***** Supplied material

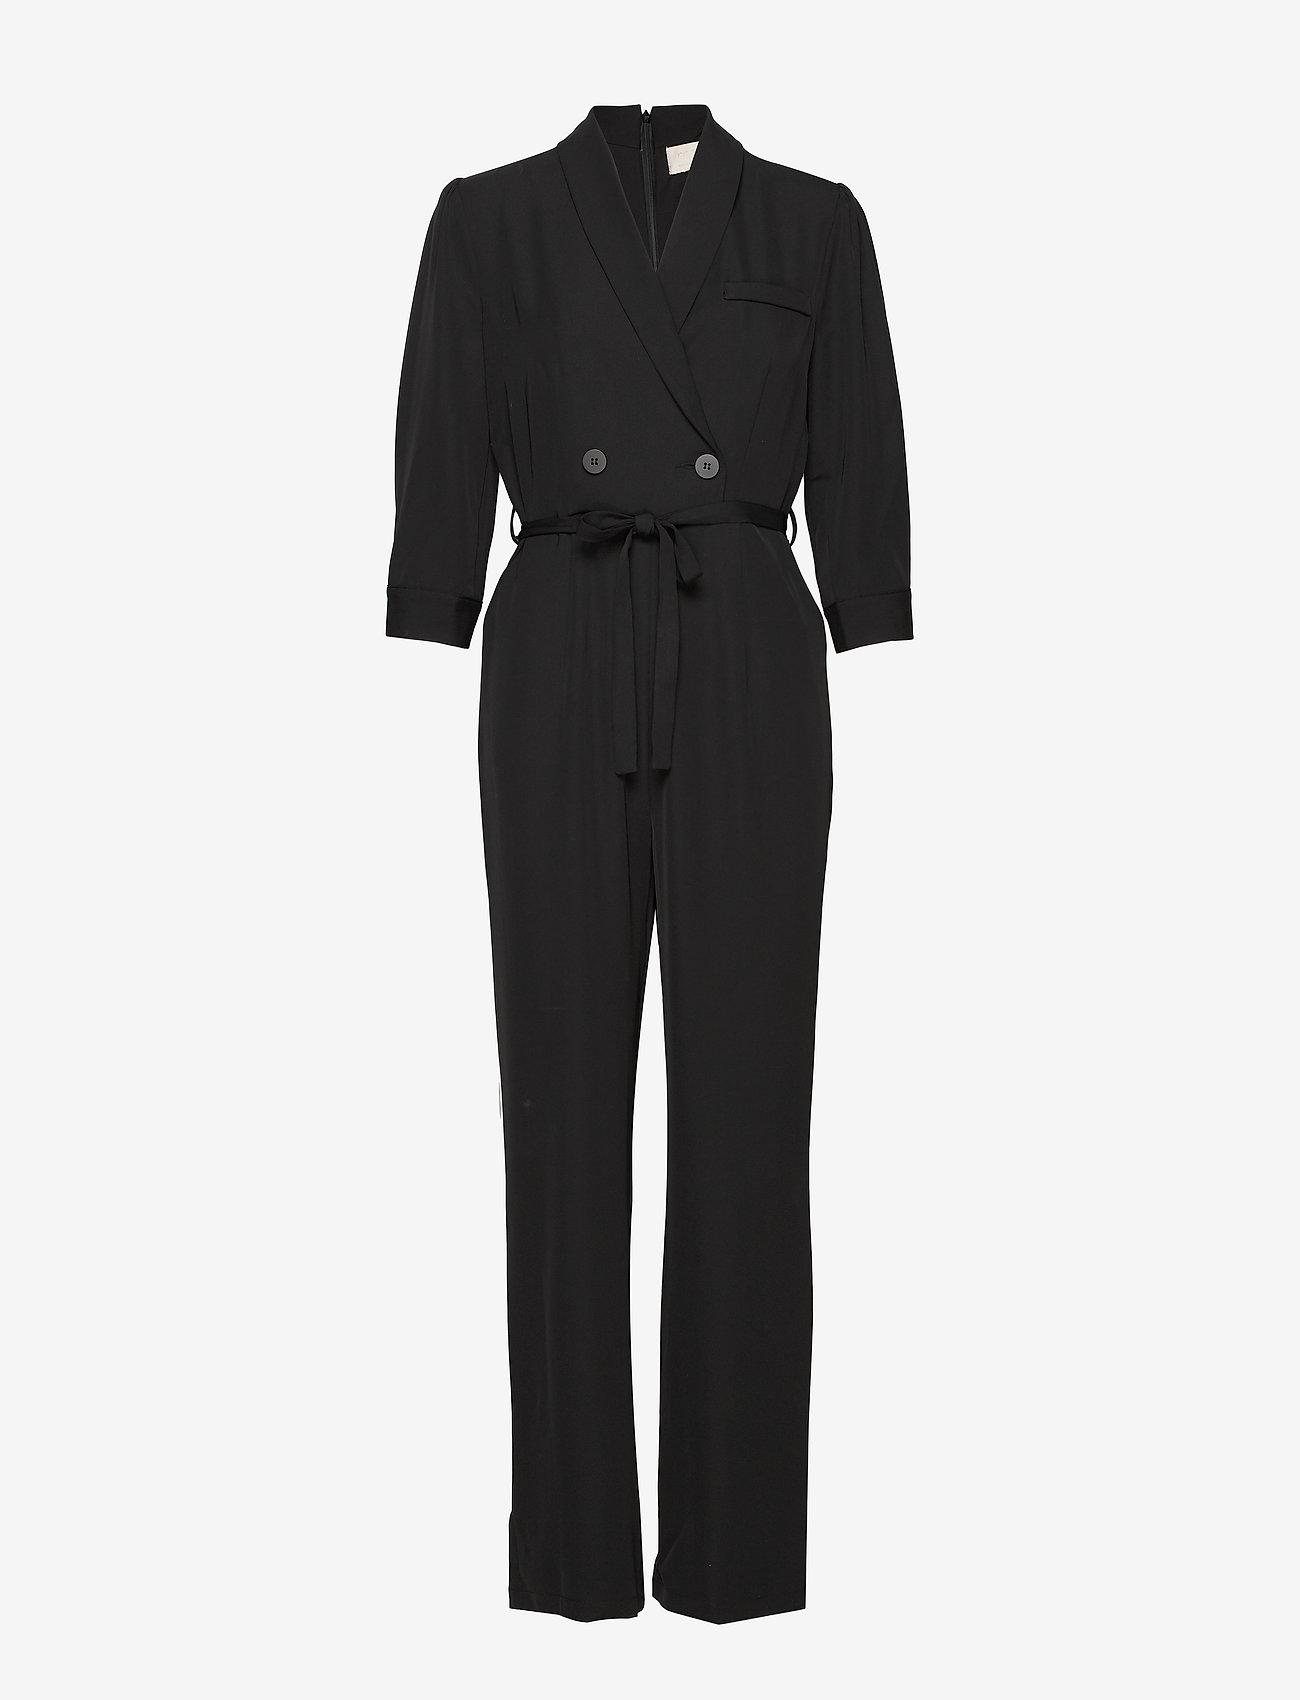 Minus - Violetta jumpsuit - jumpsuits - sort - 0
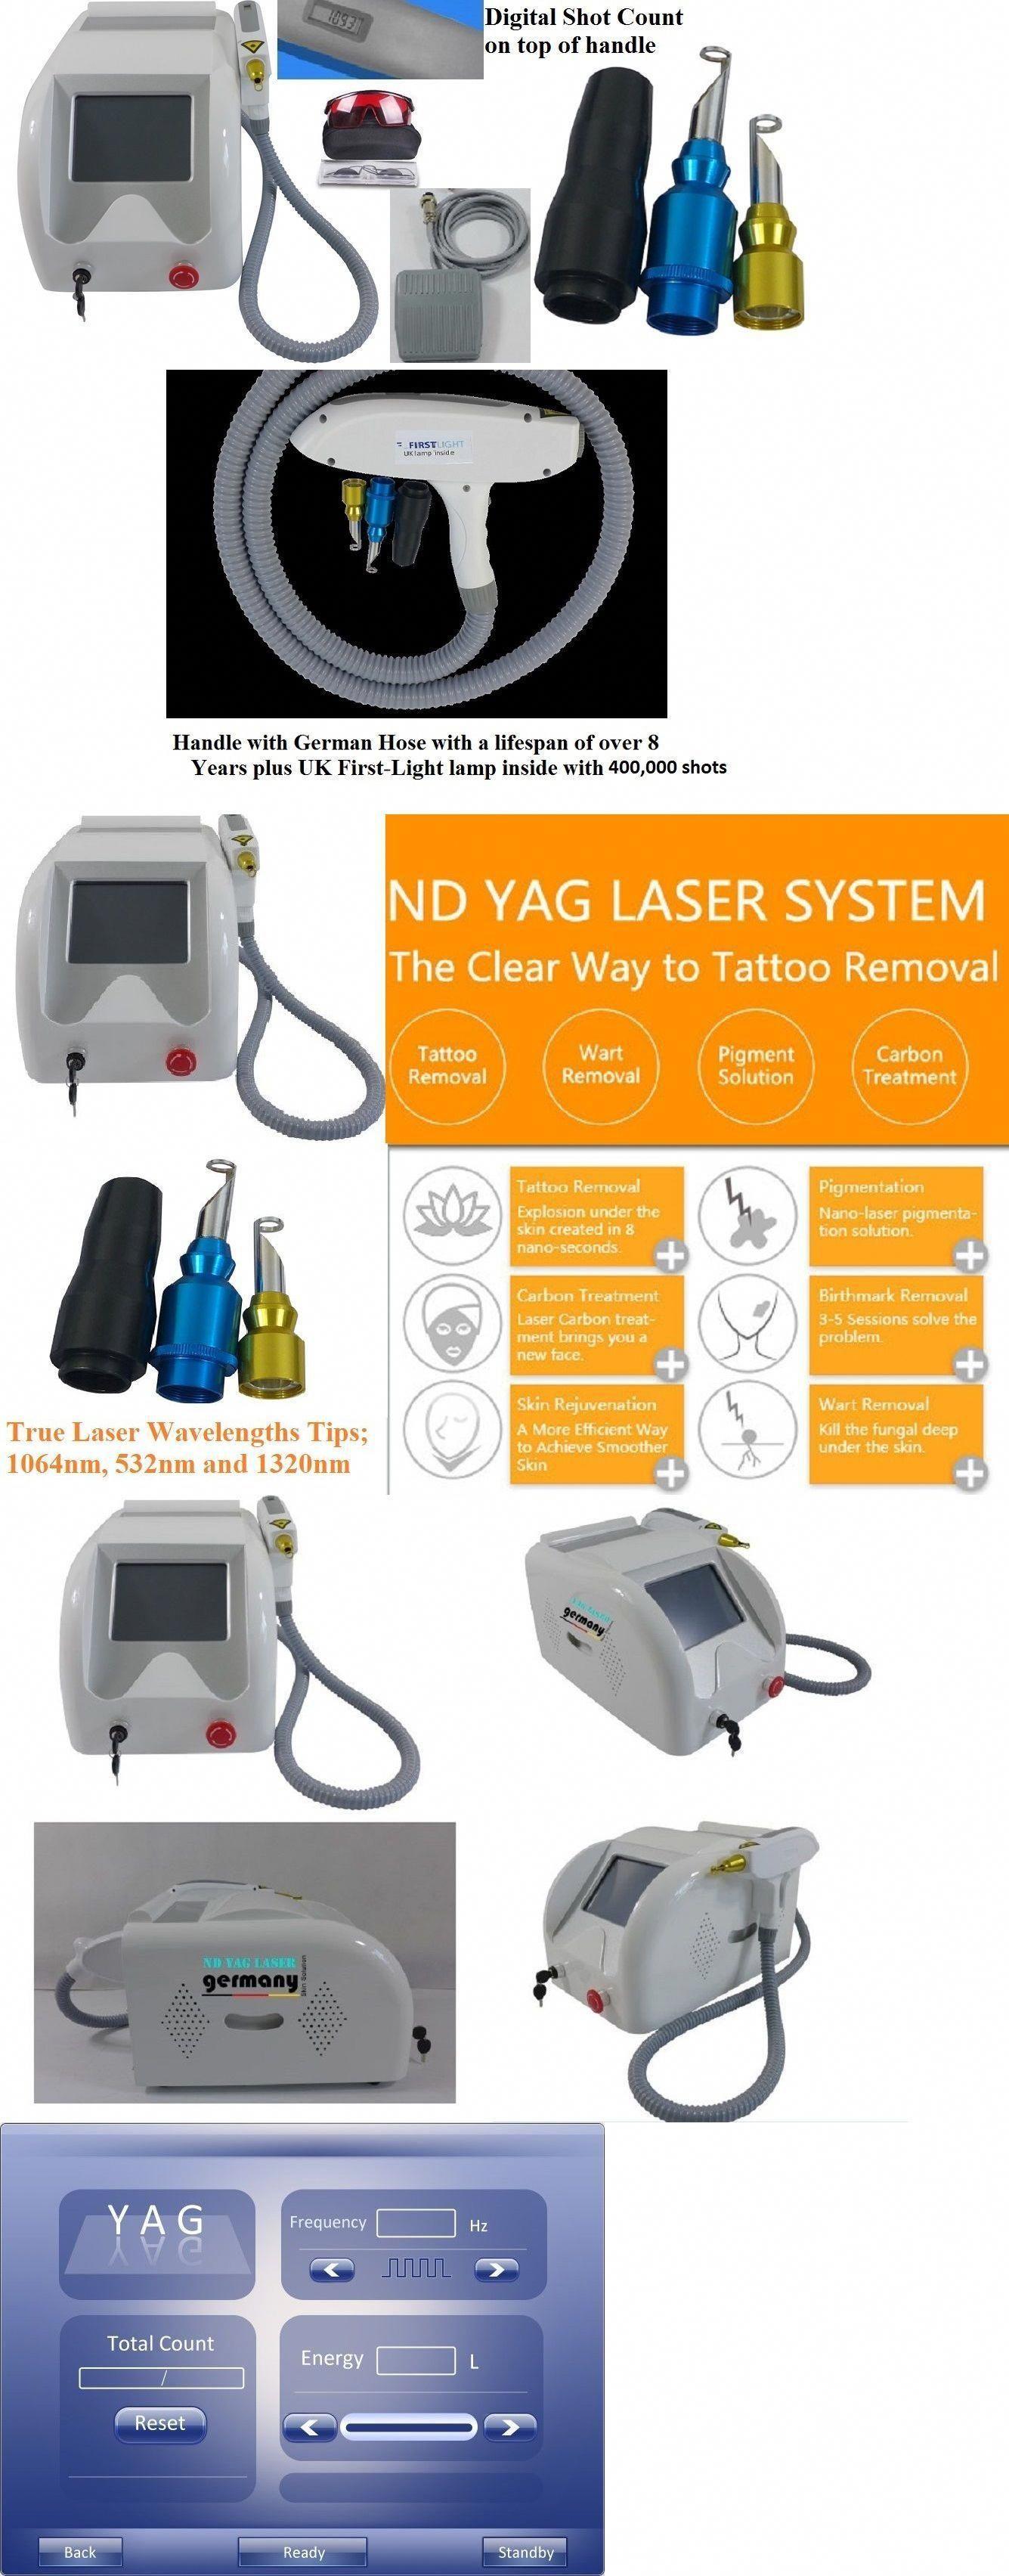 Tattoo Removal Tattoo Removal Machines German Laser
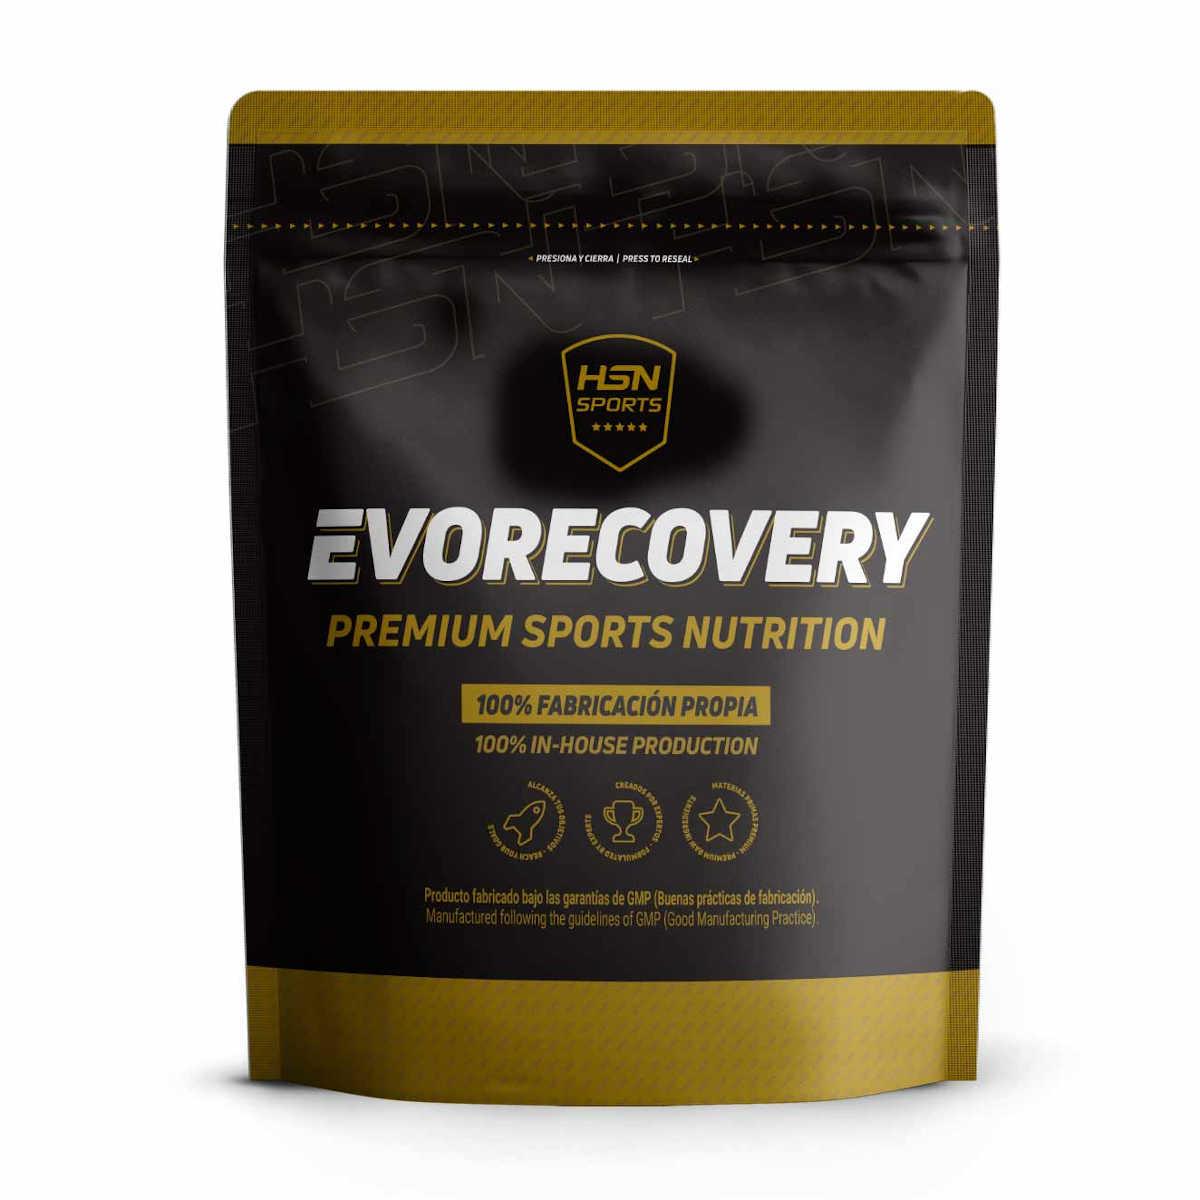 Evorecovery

**********

Output the data above without changes, apart from leaving out the pictures.

Worked solution
 Minus - Violetta jumpsuit - jumpsuits - sort - 0
 Tattoo Removal Tattoo Removal Machines German Laser
 Evorecovery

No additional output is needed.